Perceptual learning is defined as any relatively permanent or consistent change in an observer's perception of a stimulus following experience of that stimulus (Gibson,
1963). Perceptual learning has been shown to occur for a variety of basic visual features, such as orientation and spatial frequency of gratings (Fiorentini & Berardi,
1980) and direction of motion (Ball & Sekuler,
1982). The performance improvements that occur over the course of training tend to follow characteristic patterns that allude to aspects underlying brain plasticity (Ahissar & Hochstein,
2004; Dosher & Lu,
1998; Fahle,
2004; Seitz & Dinse,
2007). For instance, a performance improvement with a stimulus of one spatial orientation may not transfer to another orientation (Fiorentini & Berardi,
1980). It has been argued that this pattern of results is consistent with changes in orientation selectivity of early visual cells (Schoups, Vogels et al.,
2001) and indicates that the locus of learning may be in these early visual areas (Fahle,
2004). However, the argument that specificity of learning demonstrates plasticity in visual cortex is not well supported (Law & Gold,
2008; Xiao, Zhang et al.,
2008) and it is clear that task performance alone is an insufficient measure by which to understand brain mechanisms involved in perceptual learning.
The relationship between psychophysical performance and underlying physiological changes is fundamentally inferential. Typically, perceptual learning is operationalized as improvement in sensitivity (such as threshold or accuracy) or reaction time on a task. These metrics have provided a great deal of insight into the mechanisms of perception and perceptual learning, but the inferential gap between the observer's perception and the final performance measurement remains problematic (Mollon & Danilova,
1996). One aspect of this problem is that sensitivity and reaction time are very gross measures of performance and reveal little detail of observers' perceptual processes. As a result, it is the onus of the experimenter to design clever studies to rule out alternative explanations of changes in these performance metrics. This task is further complicated by the fact that, as we report here, these two metrics can produce opposite patterns under some conditions.

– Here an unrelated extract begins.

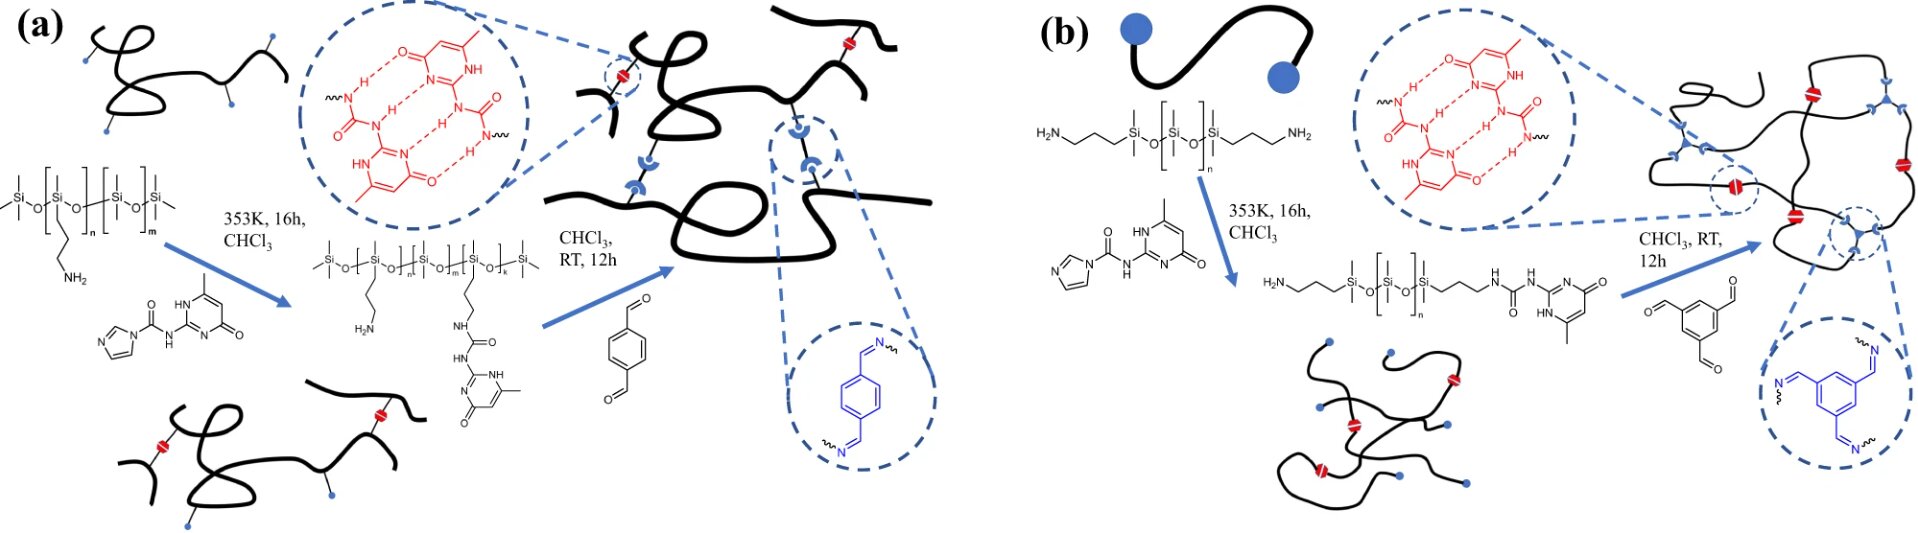 Molecularly designing polymer networks to control sound damping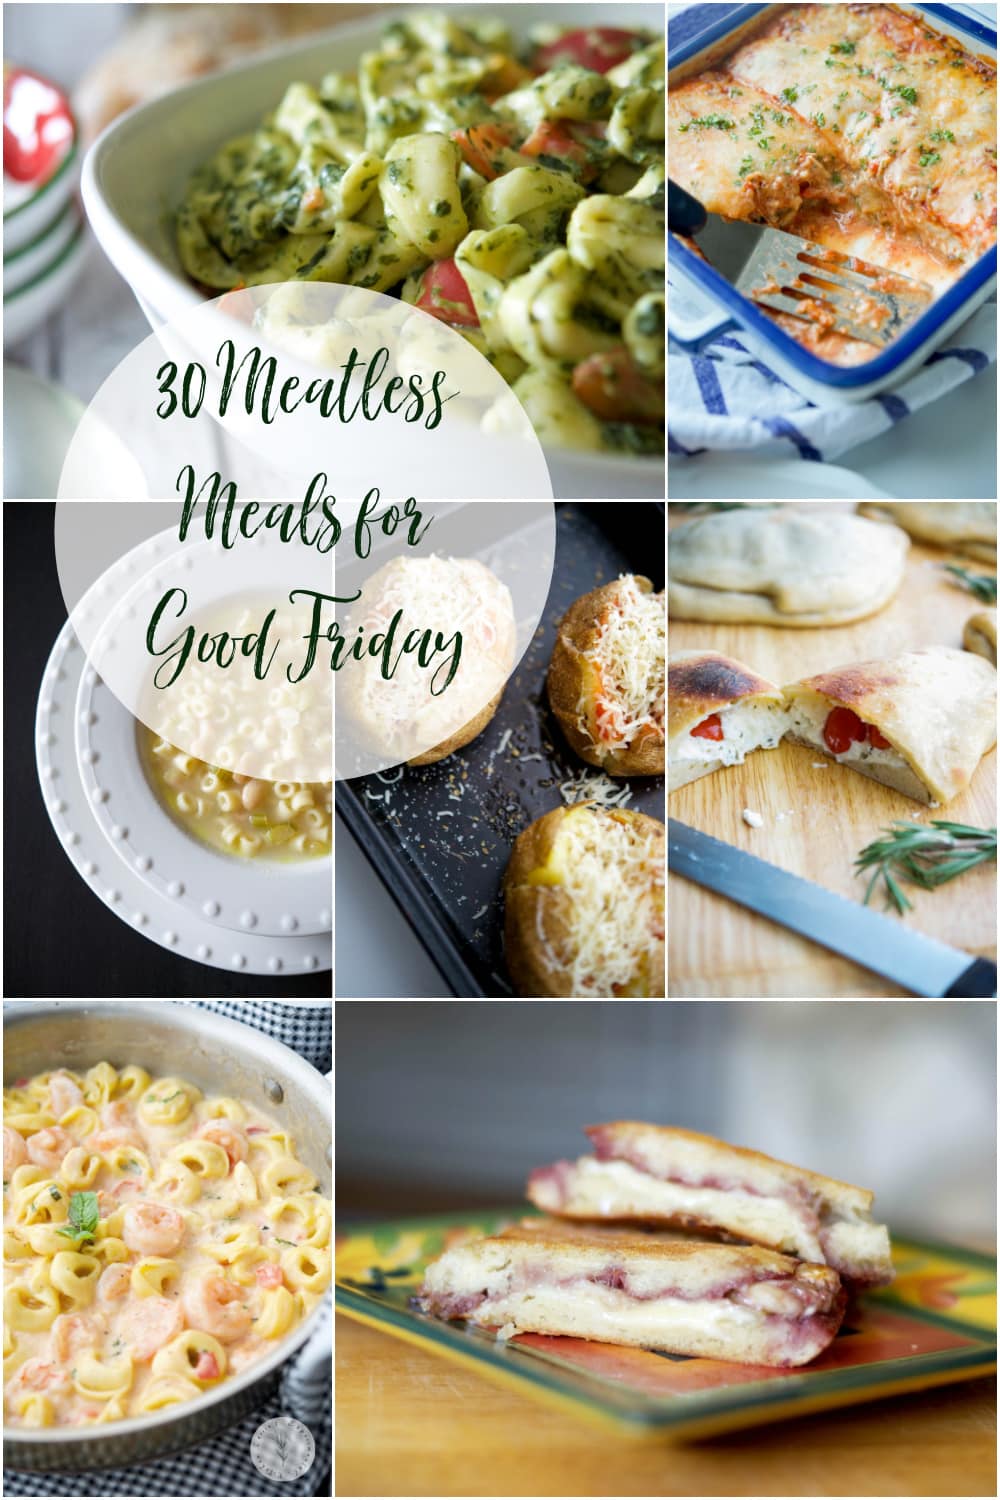 30 Meatless Meals for Good Friday | Carrie’s Experimental Kitchen

We find an alternative and potentially richer metric in classification images (Ahumada,
2002). In a classification image analysis, observers detect or discriminate a stimulus of interest (the signal) embedded in external noise. In a typical experiment, an observer is presented with a signal-with-noise stimulus and a noise-only stimulus in succession and asked to report which stimulus contained the target image. The noise fields from these stimuli are then grouped and analyzed according to the observer's decisions, ultimately producing a classification image that may be thought of as the mental template that the observer used to classify stimuli during the task. Classification images have been produced from a wide variety of studies and reveal important aspects of perception in both low- and high-level visual tasks (Keane, Lu et al.,
2007; Lu & Liu,
2006; Mareschal, Dakin et al.,
2006; Sekuler, Gaspar et al.,
2004; Shimozaki, Chen et al.,
2007). The advantages of using classification images as a metric of perceptual learning are substantial because classification images encode much more detailed characteristics of an observer's perceptual processes than do sensitivity or reaction time measures.
However, one limitation of classification image methods is that a large number of trials is required to produce a stable classification image. In many studies, upward of 10,000 trials are employed to construct a classification image (Ahumada,
2002; Lu & Liu,
2006; Sekuler et al.,
2004). Such a large number of trials, which need to be spread out across multiple sessions, can be problematic to capture effects of perceptual learning because substantial learning can occur during the acquisition of the classification images. To successfully examine perceptual learning of lower order visual features over the course of several days requires the acquisition of an image in a single experimental session, approximately 1,000 trials. This has been accomplished in the case of perceptual learning of vernier acuity (Li, Levi et al.,
2004), however, that study involved stimuli with only 16 changing parts, thus benefiting from a relatively low-dimensional stimulus space. Generating a classification image of a stimulus that is more extended in space (such as an oriented grating) presents a greater challenge because such images require variations in many hundreds of pixels and involve a much higher dimensional stimulus space.
In this paper, we employ an efficient classification image technique that makes it possible to produce stable images from as little as 512 trials, allowing for an image-based analysis of perceptual learning over the course of several days. We examine both traditional metrics of perceptual learning (such as reaction time, threshold, and accuracy) as well as changes in observers' classification images.